Robin and Renee Free filed suit in a Louisiana state court on October 14, 1993, alleging that Abbott Laboratories, Bristol-Meyers Squibb Company, Inc., and Mead Johnson & Company had conspired to fix infant formula prices. The Frees filed for themselves and for a class1 of Louisiana consumers. Defendants removed to federal court, and plaintiffs moved to remand.


The federal district court granted the motion to remand. The court held that it lacked federal question jurisdiction and that it had diversity jurisdiction only over the named plaintiffs' claims and not over claims of the other members of the class. The district court declined to exercise supplemental jurisdiction because the claims raised "novel issues of state law."


The district court remanded the named plaintiffs' claims on "the basis of ... the Colorado River/ Moses H. Cone doctrine of abstention."2 It did so to avoid piecemeal litigation and to permit Louisiana to rule on the "novel and complex issues of state law." Defendants both appeal and petition for mandamus, asking that we vacate the order remanding to state court.



28 U.S.C. Sec. 1447(d) shields from review orders remanding for lack of subject matter jurisdiction, see In re Shell Oil Co., 932 F.2d 1518, 1520 (5th Cir.1991), cert. denied, 502 U.S. 1049, 112 S.Ct. 914, 116 L.Ed.2d 814 (1992), or a defect in removal procedure noted by timely motion, see In re Medscope Marine Ltd., 972 F.2d 107, 110 (5th Cir.1992). See Thermtron Prods. Inc. v. Hermansdorfer, 423 U.S. 336, 96 S.Ct. 584, 46 L.Ed.2d 542 (1976).

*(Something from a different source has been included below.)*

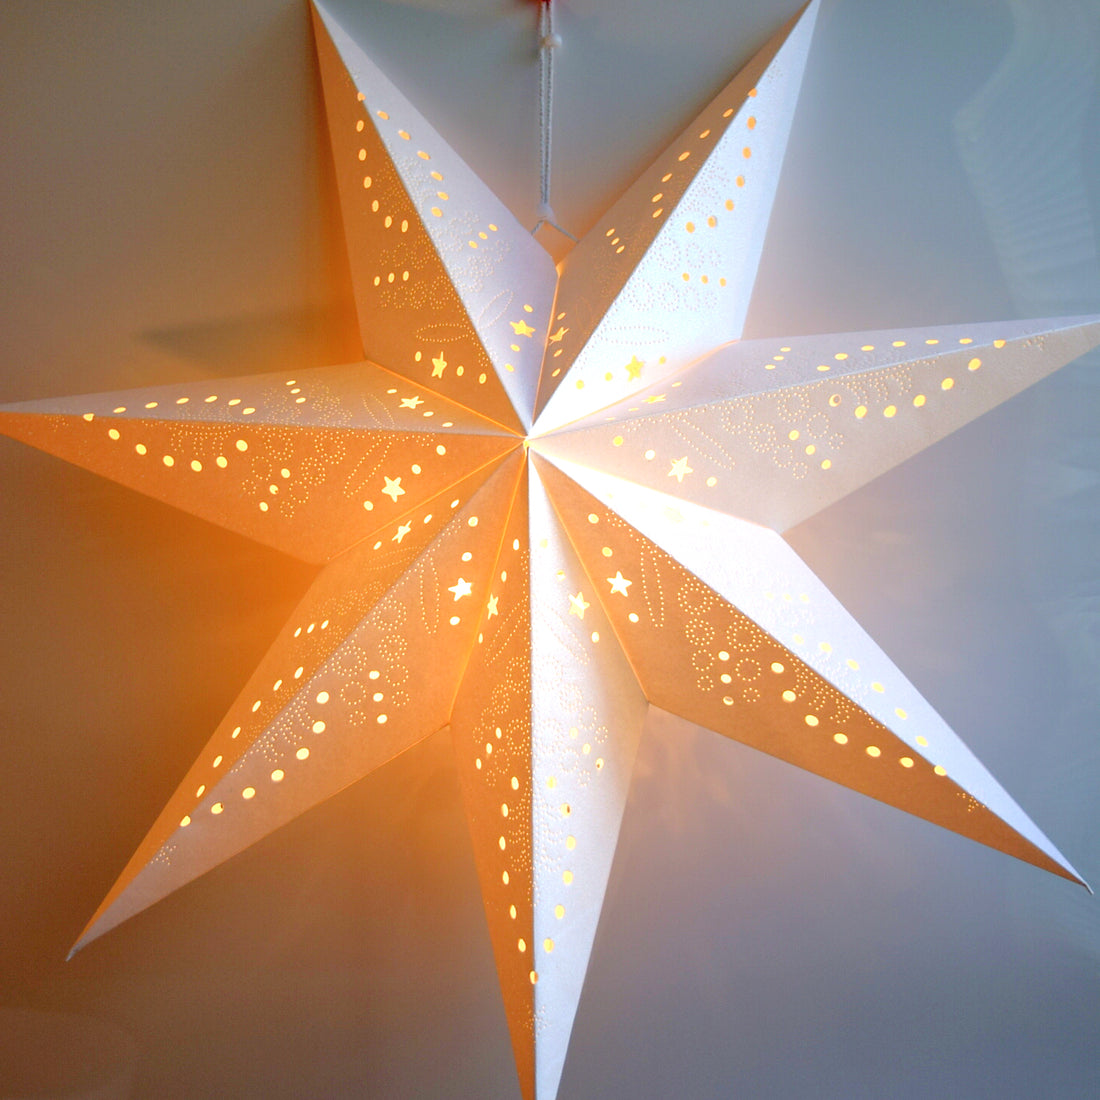 Unique Gift Ideas: Why Star Lanterns Are the Perfect Present

Fairly read, the remand order did not rest upon a lack of subject matter jurisdiction or defective removal procedure. The court noted no flaw in the removal procedure, and its decision to abstain follows an explicit finding of subject matter jurisdiction. Our appellate jurisdiction follows. See In re International Paper Co., 961 F.2d 558, 561 (5th Cir.) (authorizing review by appeal, not mandamus, where remand is based upon "circumstances that give the court discretion to dismiss the case"), cert. denied, --- U.S. ----, 113 S.Ct. 326, 121 L.Ed.2d 245 (1992); McDermott Int'l v. Lloyds Underwriters of London, 944 F.2d 1199, 1203-04 (5th Cir.1991) (regarding remand based upon Colorado River as discretionary and thus reviewable by appeal, not mandamus).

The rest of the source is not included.